■ **WORK INSTRUCTION**:
Transcribe the whole listing below without changing a word, but leave out every image.

■ **GIVEN DATA**:
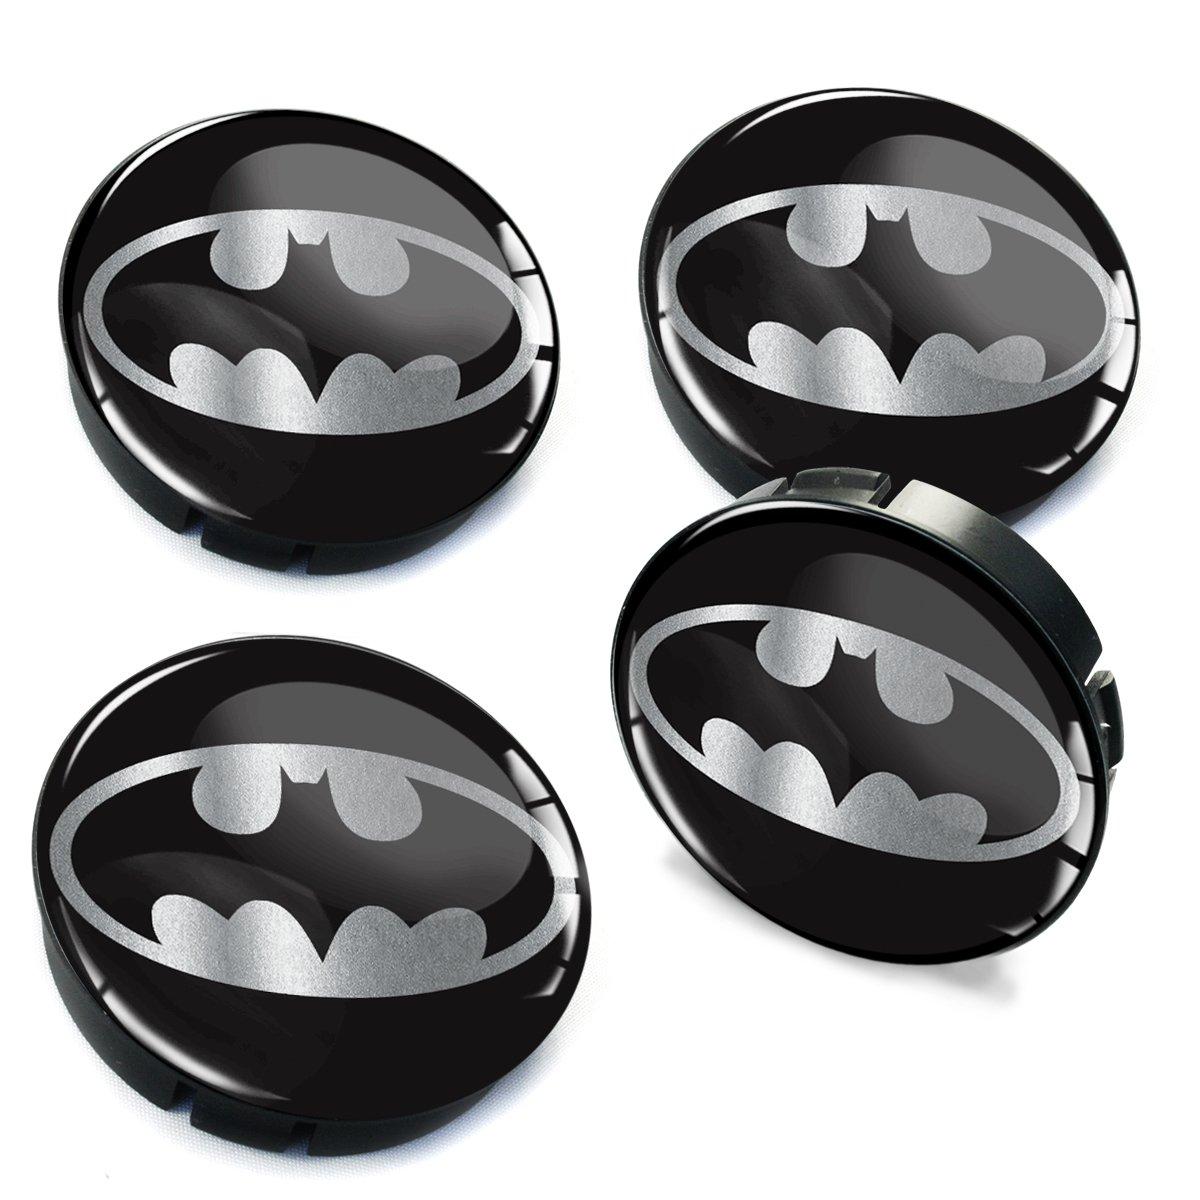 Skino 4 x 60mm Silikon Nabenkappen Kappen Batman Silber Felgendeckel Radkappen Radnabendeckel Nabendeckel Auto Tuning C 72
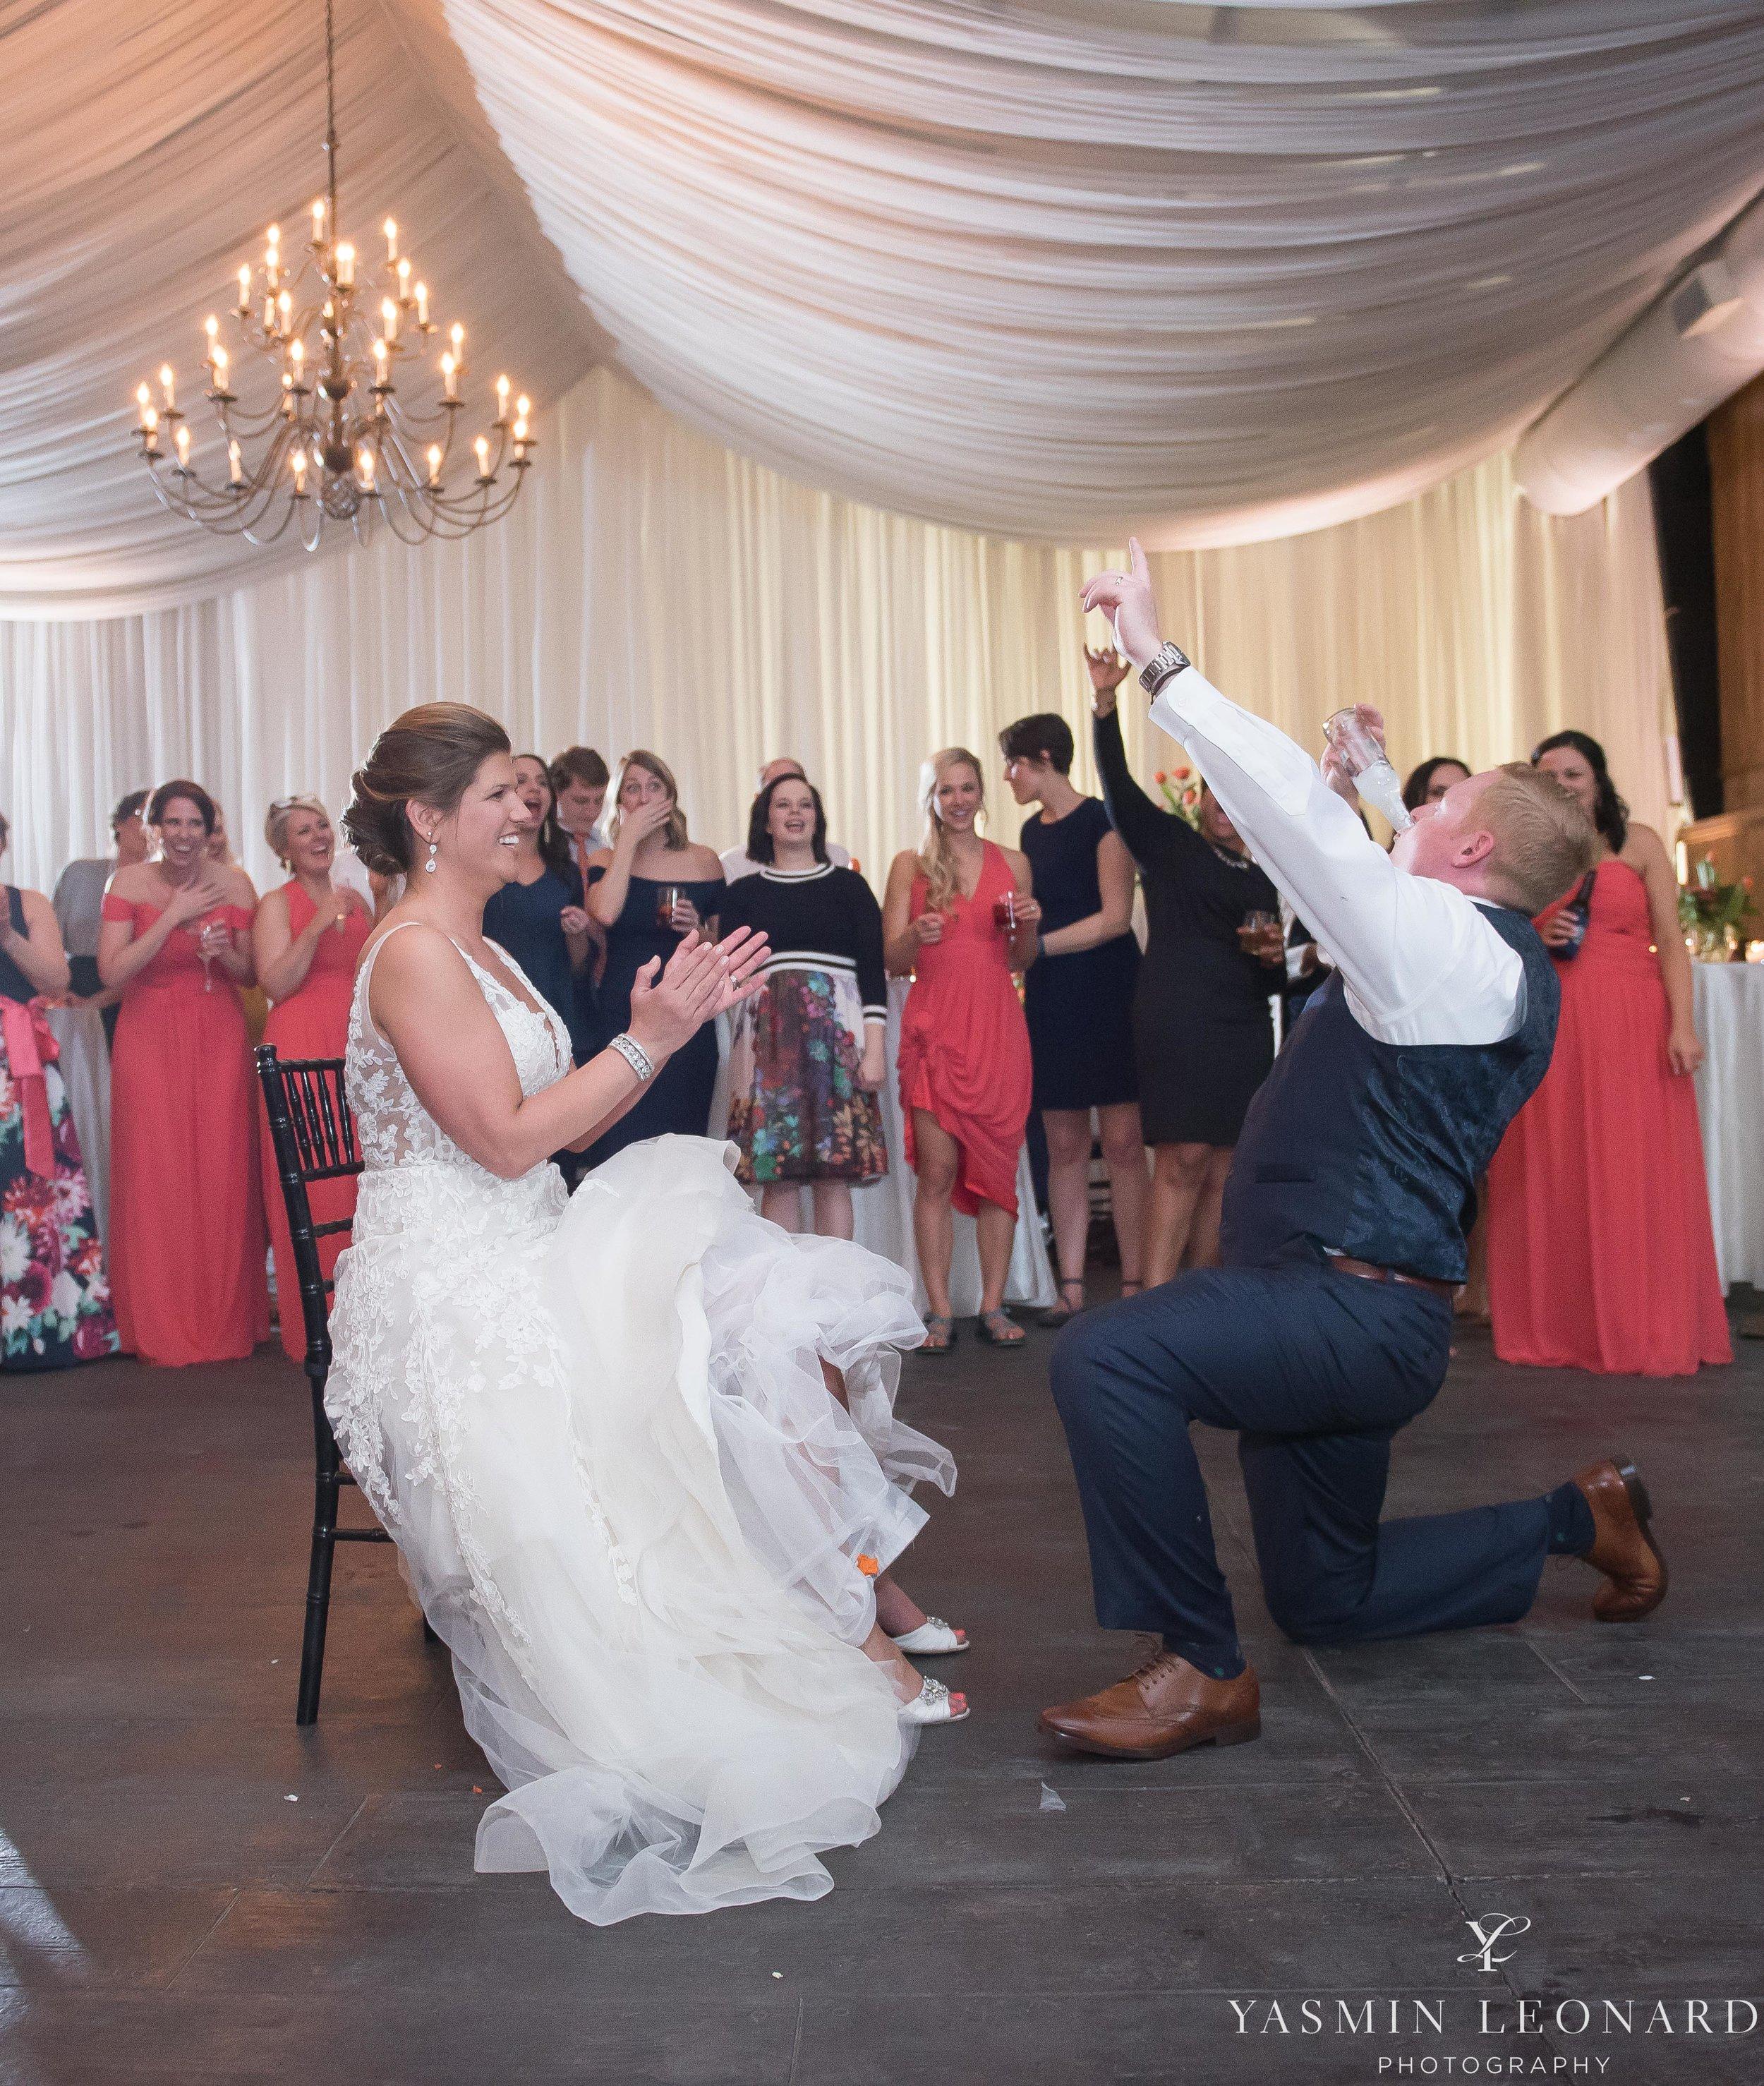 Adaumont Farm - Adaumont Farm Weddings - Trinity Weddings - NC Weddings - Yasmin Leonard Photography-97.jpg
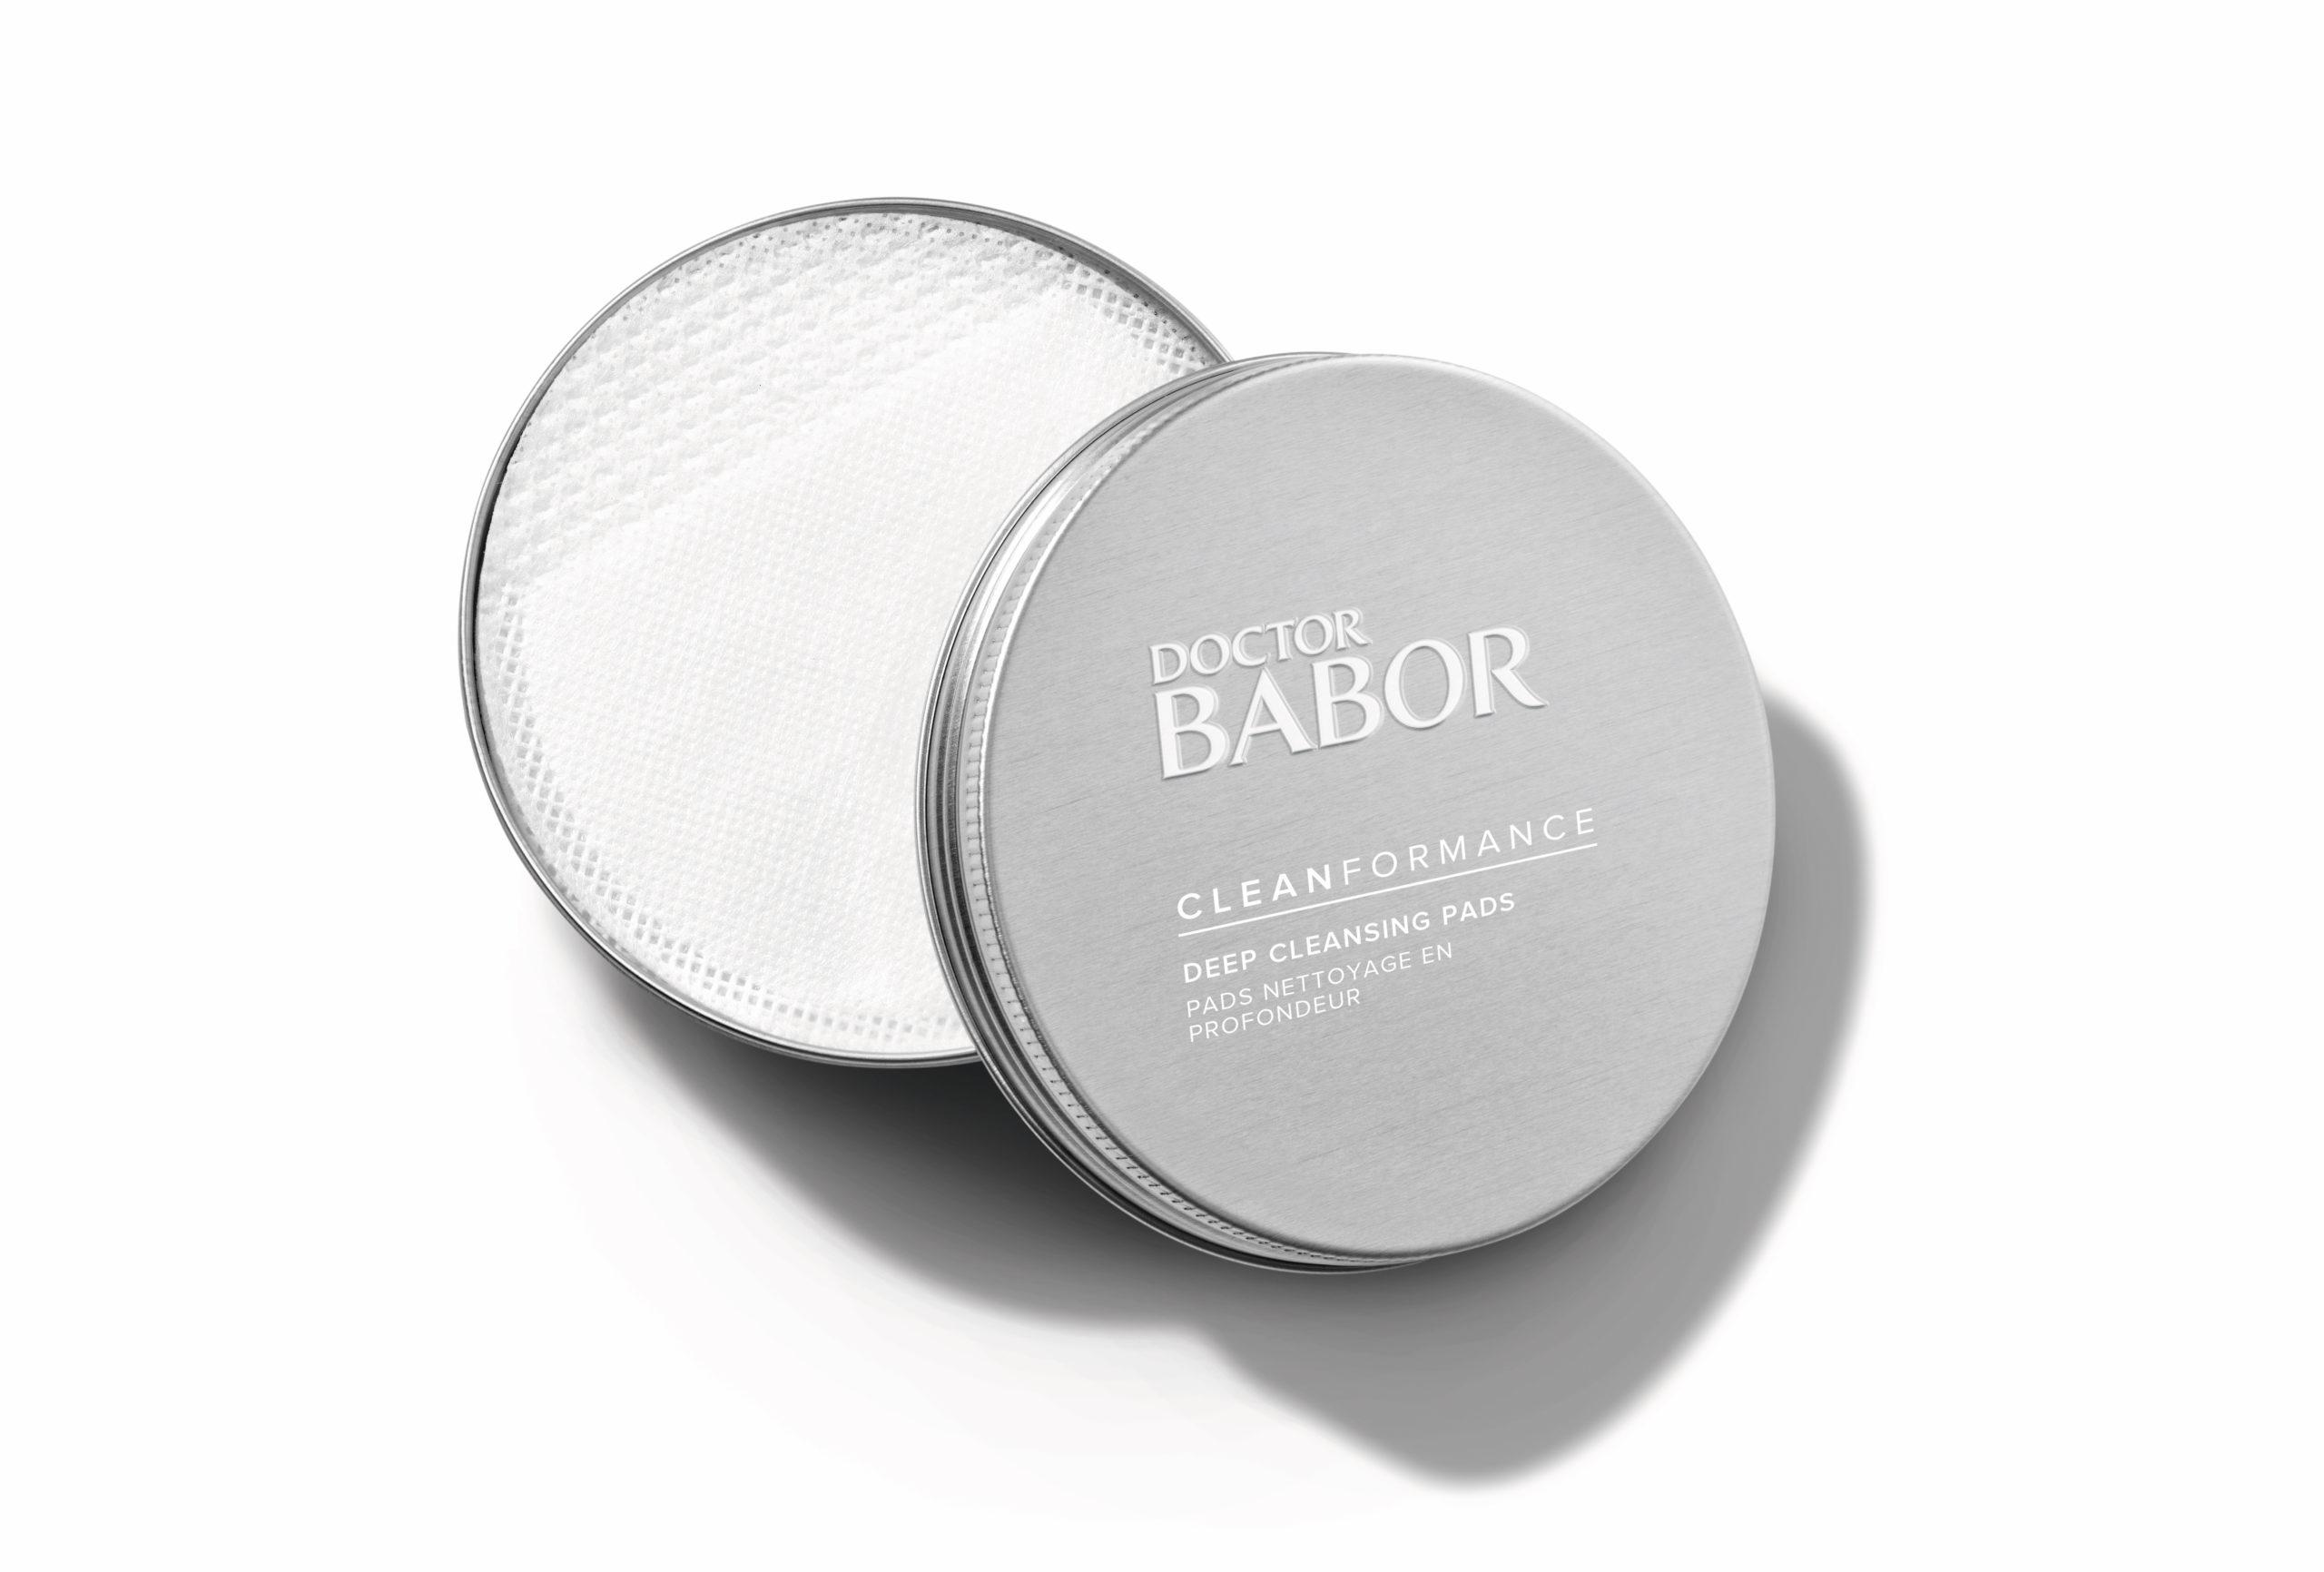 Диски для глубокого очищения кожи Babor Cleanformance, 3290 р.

■ **TASK SOLUTION**:
 Skino 4 x 60mm Silikon Nabenkappen Kappen Batman Silber Felgendeckel Radkappen Radnabendeckel Nabendeckel Auto Tuning C 72
 Adaumont Farm - Adaumont Farm Weddings - Trinity Weddings - NC Weddings - Yasmin Leonard Photography-97.jpg
 Диски для глубокого очищения кожи Babor Cleanformance, 3290 р.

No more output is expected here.